§ ASSIGNMENT
Everything from the line containing "企业租车服务促销活动手机海报" through the final line of the listing below should be given again, word for word, and nothing else.

****

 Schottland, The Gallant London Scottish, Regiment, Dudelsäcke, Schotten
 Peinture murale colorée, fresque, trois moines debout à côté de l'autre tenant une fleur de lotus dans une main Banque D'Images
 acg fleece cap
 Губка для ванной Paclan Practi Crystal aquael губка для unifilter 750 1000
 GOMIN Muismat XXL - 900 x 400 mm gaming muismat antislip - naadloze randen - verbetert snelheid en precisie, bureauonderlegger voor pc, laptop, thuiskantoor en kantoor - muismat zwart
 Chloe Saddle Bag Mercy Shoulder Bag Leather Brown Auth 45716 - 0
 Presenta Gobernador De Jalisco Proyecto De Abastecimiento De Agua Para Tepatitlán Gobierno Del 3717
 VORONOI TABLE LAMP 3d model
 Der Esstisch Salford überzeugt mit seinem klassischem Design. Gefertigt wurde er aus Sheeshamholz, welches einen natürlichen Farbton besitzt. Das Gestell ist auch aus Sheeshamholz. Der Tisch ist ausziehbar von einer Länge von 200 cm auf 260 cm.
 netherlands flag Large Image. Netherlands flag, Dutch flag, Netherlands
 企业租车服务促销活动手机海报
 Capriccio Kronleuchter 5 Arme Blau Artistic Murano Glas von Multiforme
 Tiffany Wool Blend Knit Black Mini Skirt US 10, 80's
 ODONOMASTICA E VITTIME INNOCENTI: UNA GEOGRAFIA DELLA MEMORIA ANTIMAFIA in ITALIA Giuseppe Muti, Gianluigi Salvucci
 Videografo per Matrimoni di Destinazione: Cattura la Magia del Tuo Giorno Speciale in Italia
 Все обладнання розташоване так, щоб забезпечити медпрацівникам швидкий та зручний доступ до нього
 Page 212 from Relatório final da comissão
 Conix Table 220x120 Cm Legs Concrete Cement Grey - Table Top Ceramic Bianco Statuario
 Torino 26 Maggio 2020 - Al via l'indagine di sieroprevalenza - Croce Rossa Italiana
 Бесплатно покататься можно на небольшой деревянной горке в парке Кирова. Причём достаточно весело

****

§ SOLUTION
 企业租车服务促销活动手机海报
 Capriccio Kronleuchter 5 Arme Blau Artistic Murano Glas von Multiforme
 Tiffany Wool Blend Knit Black Mini Skirt US 10, 80's
 ODONOMASTICA E VITTIME INNOCENTI: UNA GEOGRAFIA DELLA MEMORIA ANTIMAFIA in ITALIA Giuseppe Muti, Gianluigi Salvucci
 Videografo per Matrimoni di Destinazione: Cattura la Magia del Tuo Giorno Speciale in Italia
 Все обладнання розташоване так, щоб забезпечити медпрацівникам швидкий та зручний доступ до нього
 Page 212 from Relatório final da comissão
 Conix Table 220x120 Cm Legs Concrete Cement Grey - Table Top Ceramic Bianco Statuario
 Torino 26 Maggio 2020 - Al via l'indagine di sieroprevalenza - Croce Rossa Italiana
 Бесплатно покататься можно на небольшой деревянной горке в парке Кирова. Причём достаточно весело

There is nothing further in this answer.